Раньше времени бежать – позорно, удачу сокрушишь.
Промедлишь – прибьют. Бежать надо в тот час, когда ноги сами понесут.
В комнату с опаской заглянула жена:
– Федор Емельянович, не видишь ничего, не слышишь?
Федор поглядел на жену сурово:
– Что там еще стряслось? Щи, что ли, простыли без меня? Не хочу есть!
– Ты погоди шуметь! – урезонила мужа; знала себе цену: чай, не из простых, новгородка из богатейшей семьи купцов Стояновых. – Ты послушай!
Емельянов мрачно вскинул брови.
– Твой любимый немчин Арман пожаловал.
– Ахти! – подскочил Федор на стуле. – Спасибо тебе, голубушка, за добрую весть!
Подбежал к жене, поцеловал.
– Где слуги? Шубу мне! Голубушка, ставь на столы все, чем богаты! – Погрозил в окно кулаком: – Голодранцы поедун нагуливают. Чем им оставлять – лучше самим съесть.
Принесли шубу. Сунул руки в рукава, побежал встречать дорогого иноземного гостя. Как же, дела с ним вел!
Угощал Армана Федор широко. За столом был весел. Много ел, много пил. Глядите, мол: силен Федя Емельянов.

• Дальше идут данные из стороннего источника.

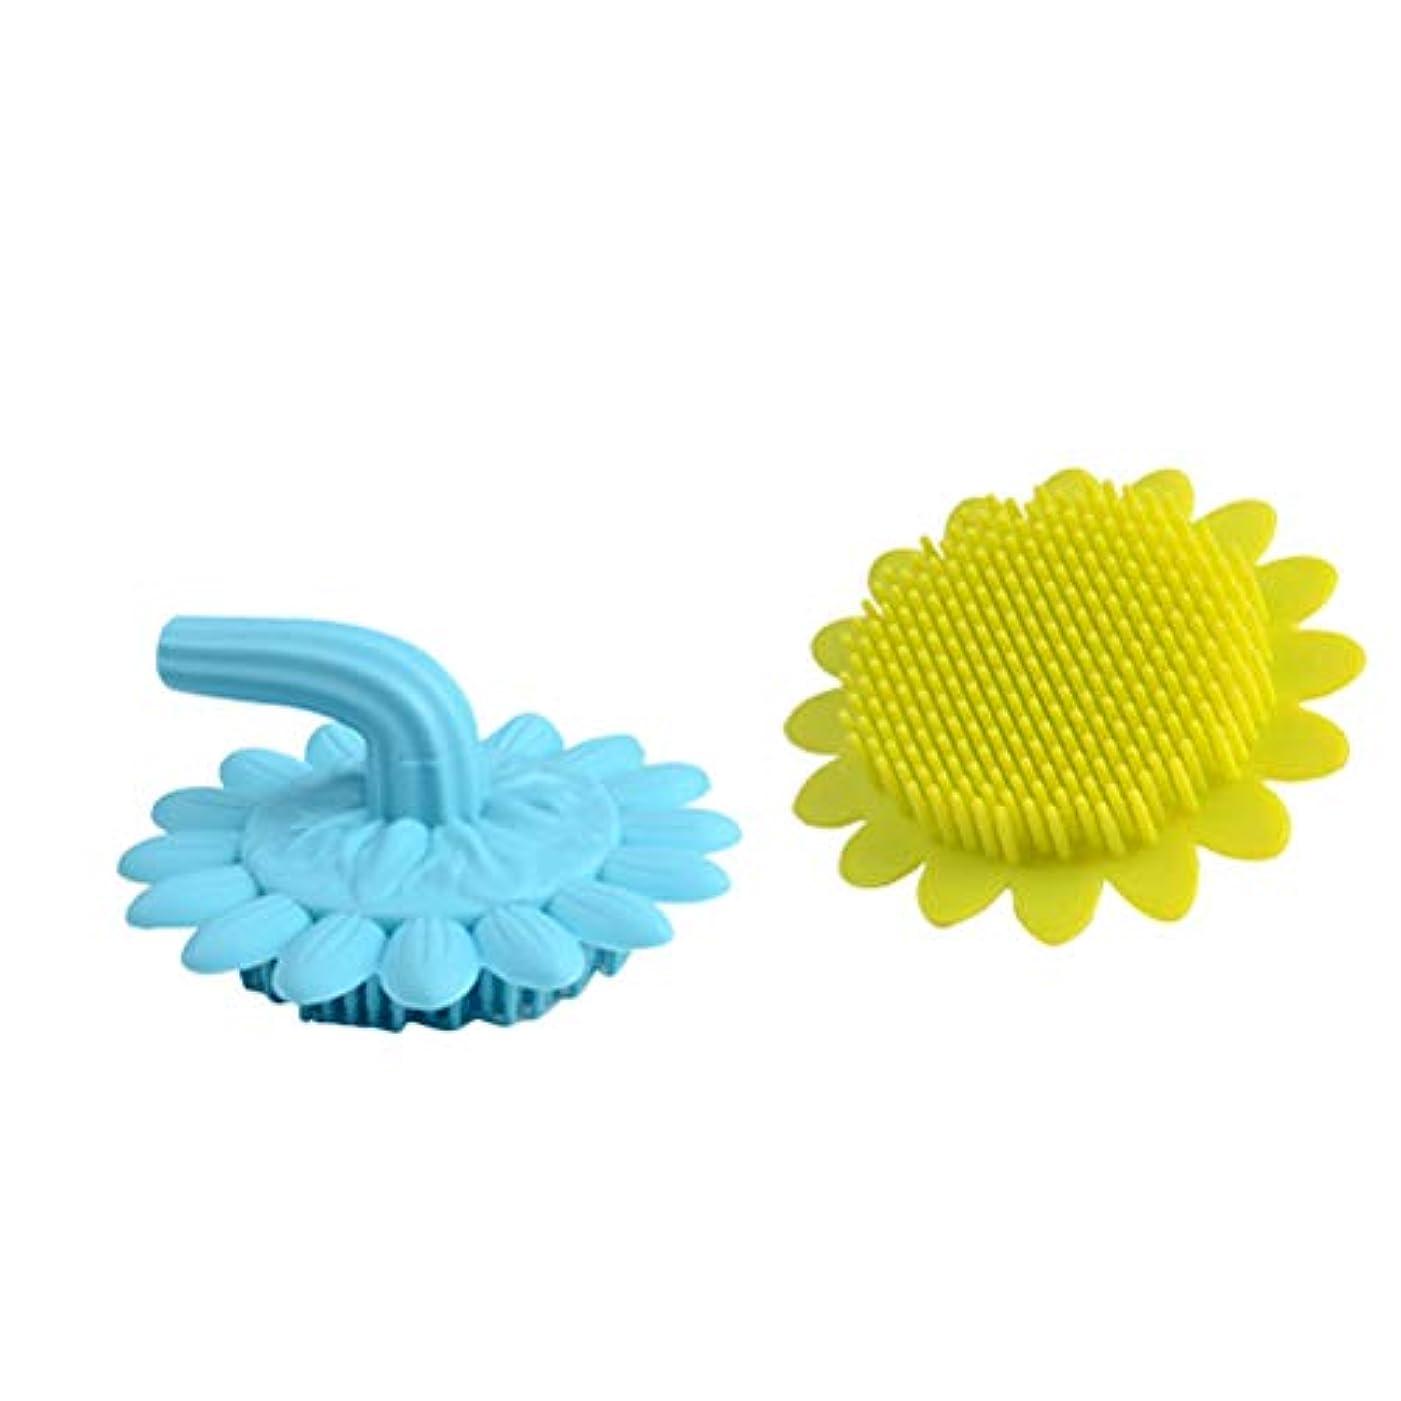 口述するオーバーフロー最大化するBeaupretty 2本の赤ちゃん風呂ブラシシリコーンボディブラシ頭皮マッサージブラシ赤ちゃんのためのシャンプーブラシ(グリーン+ブルー)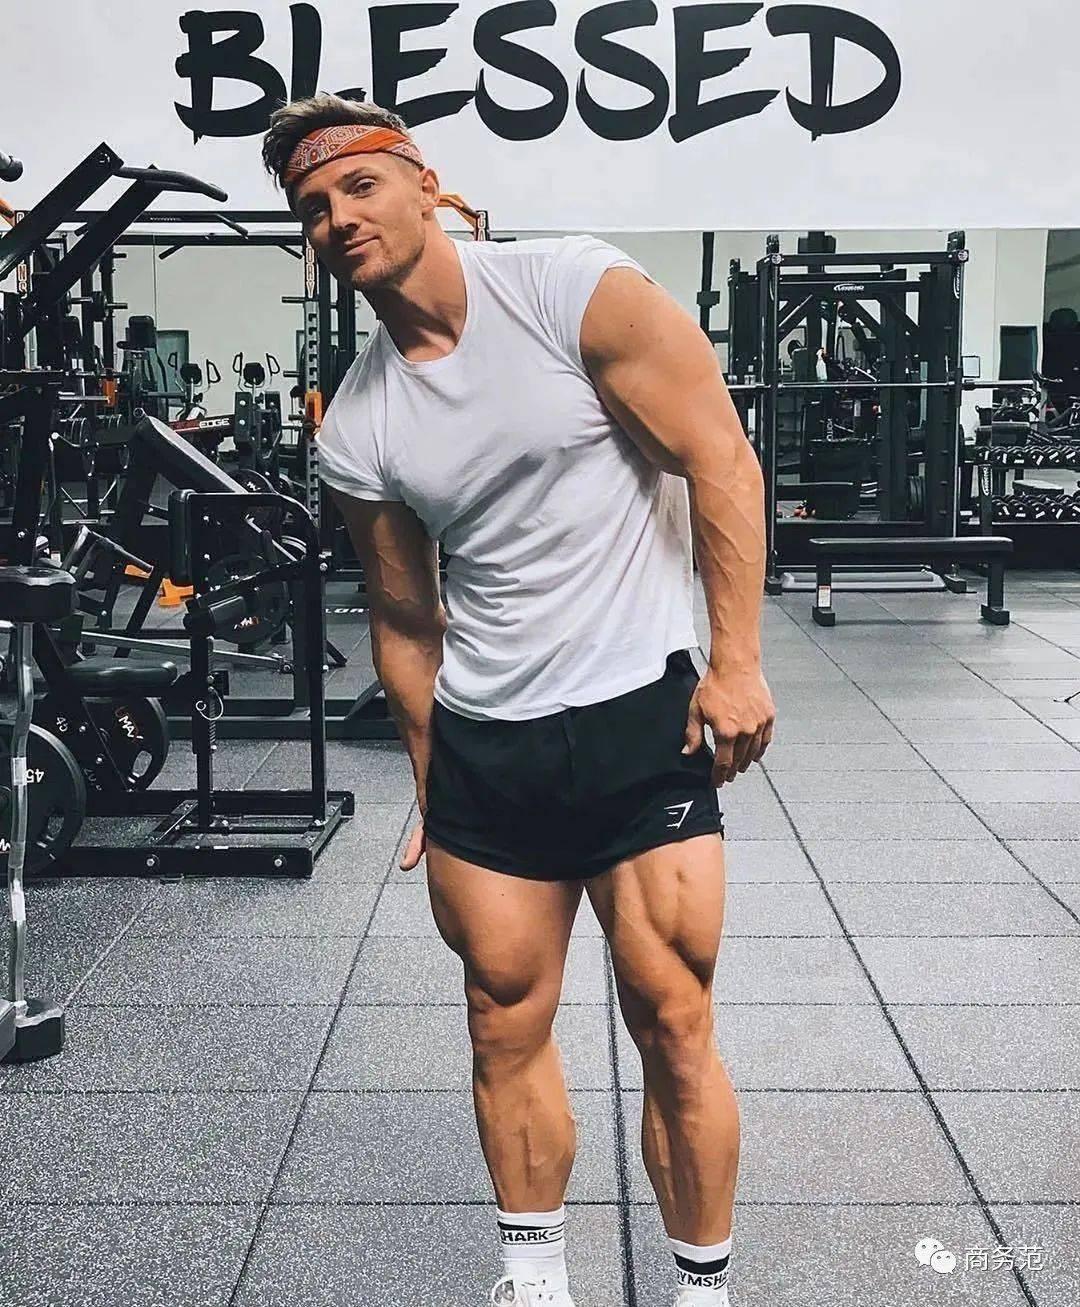 5个型男必备的健身衣品牌,夏天肌肉练起来 动作教学 第34张

Ого, как силен! В мире войны, и мор, и глад, а ему, Феде, нипочем. Нипочем купцам мировая беда. Купцы гуляют. А гуляют оттого, что в голове у них порядок. В голове порядок и в лавках тож.
Пан Гулыга
Доната будто толкнули – вскочил. Возле его стрелецкого снаряжения стоял детина. Волосы в кружок. Из-под волос через весь лоб – шрам. Видно было – незваный гость шарил не по своим карманам.
Сабля Доната лежала поверх одежды. Детина глянул на молодца и положил руку на рукоять своей сабли. Дело дрянь. Струсишь – убьет.
Донат схватил тяжелый бархатный стул и кинулся на детину. Швырнул. Детина отскочил, стул разлетелся вдребезги, а в руках у Доната теперь была сабля.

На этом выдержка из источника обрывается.